Using more meaningful labels helps to keep them unique.  Naming them for where they are or what they hold helps: e1505-rootfs for the root filesystem on a Dell E1505, for example.

About that -j: softupdates-journaling prevents the use of dump(8) at present.  Work is underway to fix that, but not finished.  In the meantime, skipping SUJ on an SSD is livable.  SSDs seek so fast that fsck(8) finishes quickly anyway.

-O 2 is the default, don't mess with it.



> By the way, what's the difference between -j and -J flags for newfs?

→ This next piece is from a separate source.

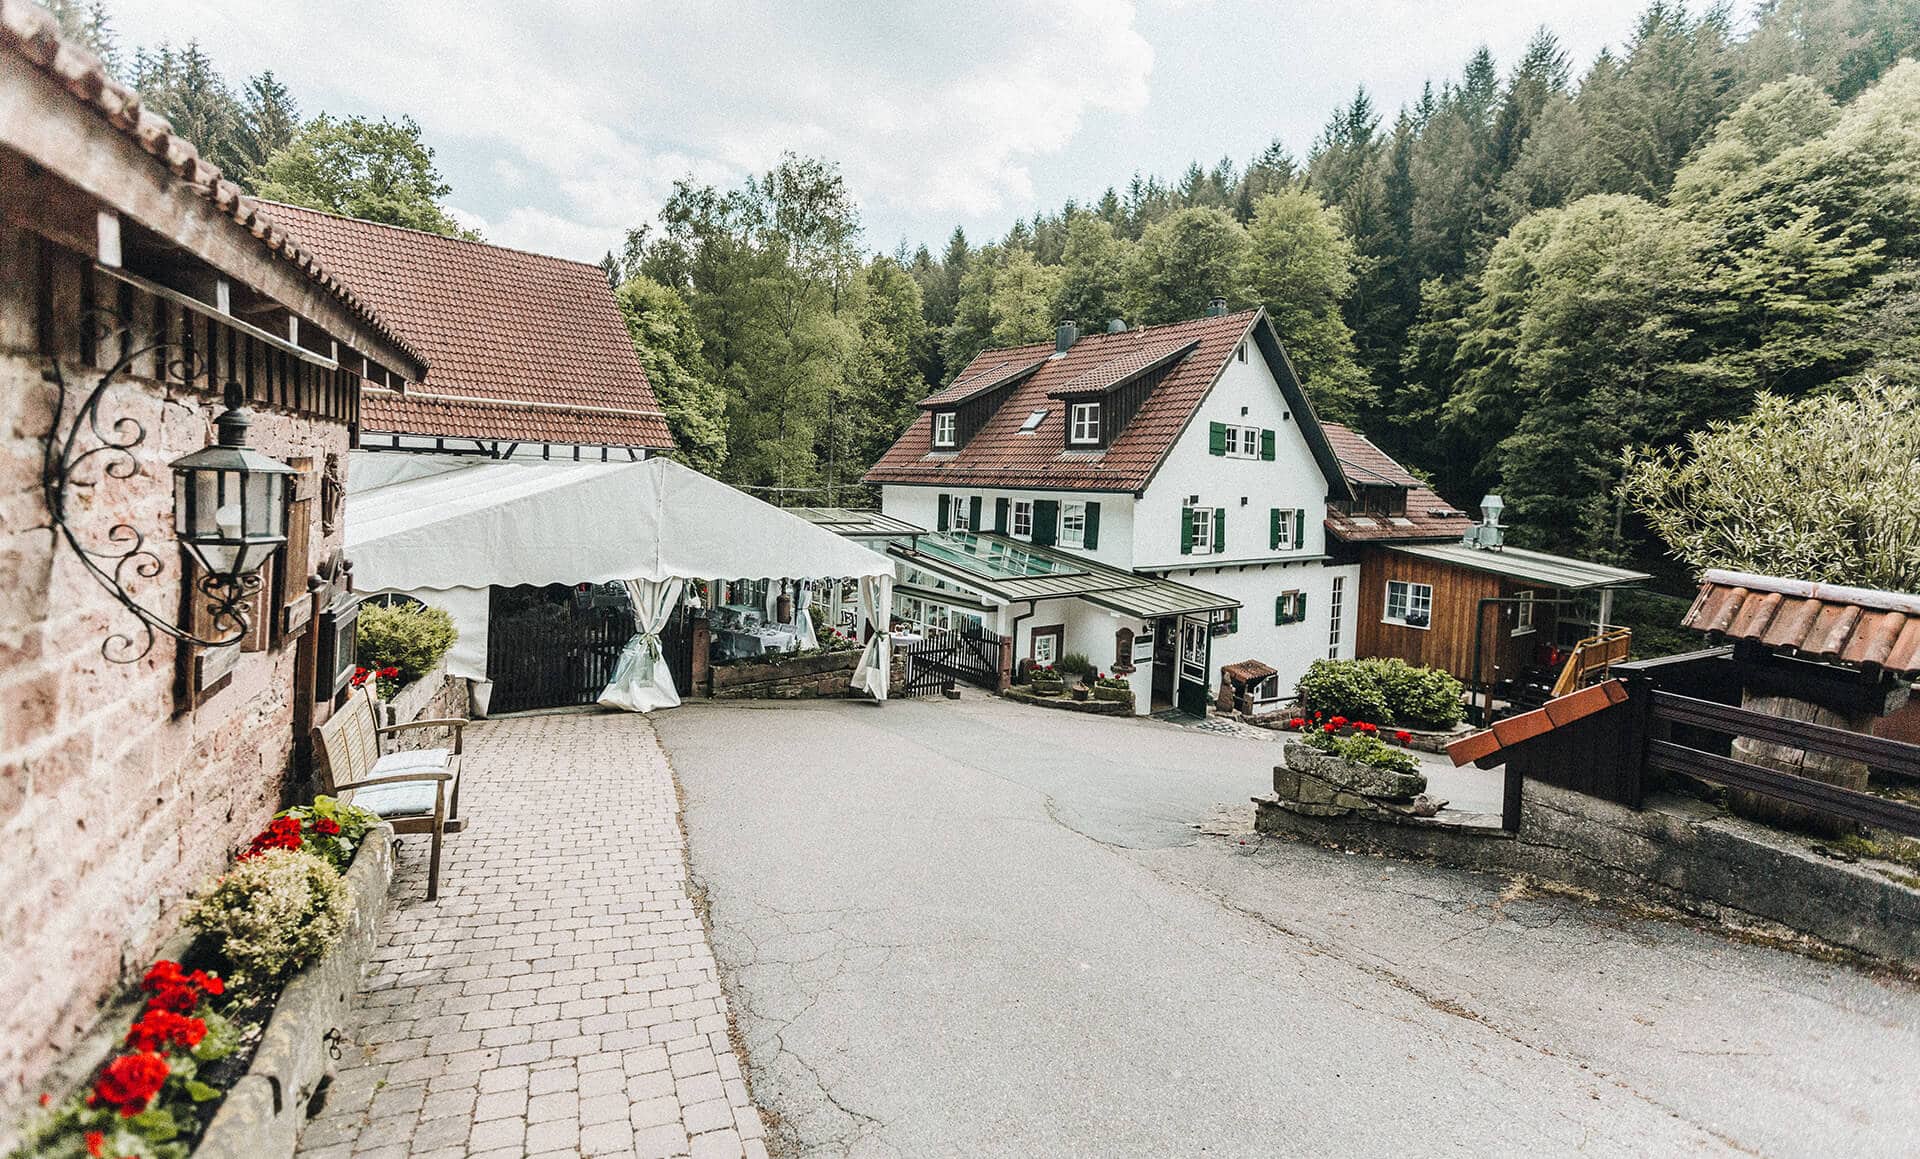 Eine malerische Dorfszene mit einem traditionellen weißen Haus, heute der Landgasthof Heidersbacher Mühle, umgeben von üppigem Grün und einer Kopfsteinpflasterstraße.
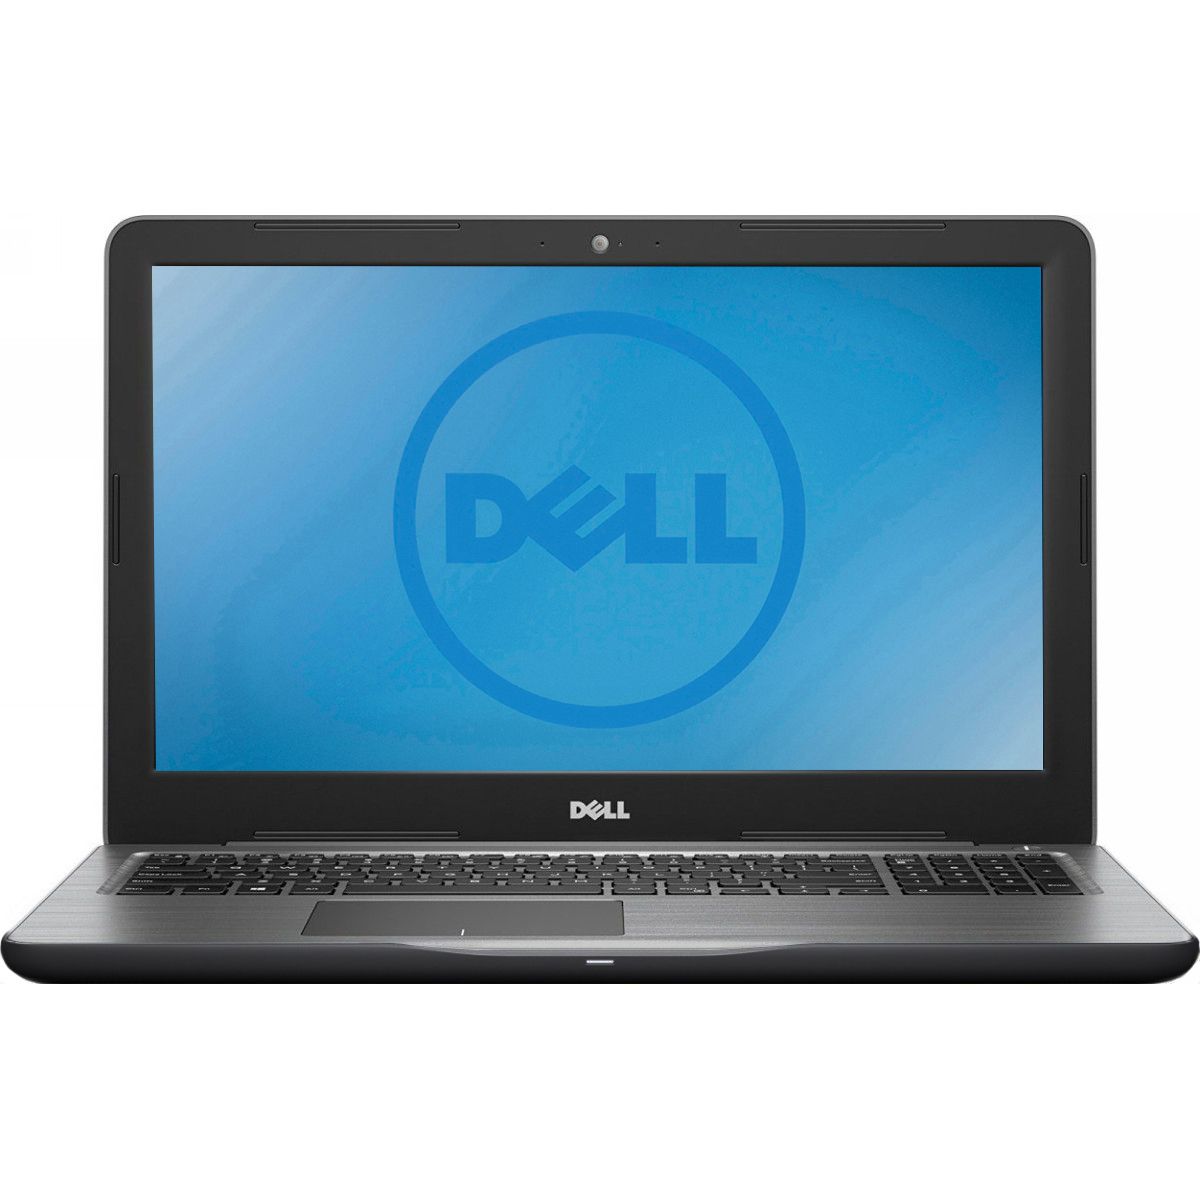 Laptop Dell Inspiron 5567, 15.6" FHD Anti-glare LED, Intel Core i5-7200U, AMD R7 M445 GDDR5, RAM 8GB DDR4, SSD 256GB, Ubuntu Linux 16.04

-J uses GEOM journaling, avoid that.


----------



## jrm@ (Jun 19, 2012)

wblock@ said:
			
		

> About that -j: softupdates-journaling prevents the use of dump(8) at present.  Work is underway to fix that, but not finished.  In the meantime, skipping SUJ on an SSD is livable.



You can always turn on soft-updates journaling later using tunefs().*



			
				wblock@ said:
			
		

> SSDs seek so fast that fsck(8) finishes quickly anyway.



It currently takes about 10 seconds on my 160GB Intel SSD.

* "It is not necessary to build a new filesystem to use soft-updates journalling. The addition or deletion of soft-updates journaling to existing FreeBSD fast filesystems is done using the tunefs program." 

http://www.bsdcan.org/2010/schedule/events/195.en.html.


----------



## y2s82 (Jun 20, 2012)

wblock@ said:
			
		

> For an SSD, yes.  That is done when creating partitions.  gpart(8) has -a to make that easier.  128K alignment will not hurt, but may not matter if the partition starts on the first block anyway.



Does that mean I can do `gpart -a 4K` to achieve it? *O*r do you mean I should use `gpart -a 128K`? *B*ut it may not matter as in the 4k alignment may not matter? I remember using a 128K value for the -s flag for the freebsd-boot.  Is it that it doesn't matter because the first block was already set with 128K?

And should I use that flag before encryption (local0), after encryption (note1-root0, note1-var0, note1-usr0, note1-home0), or both?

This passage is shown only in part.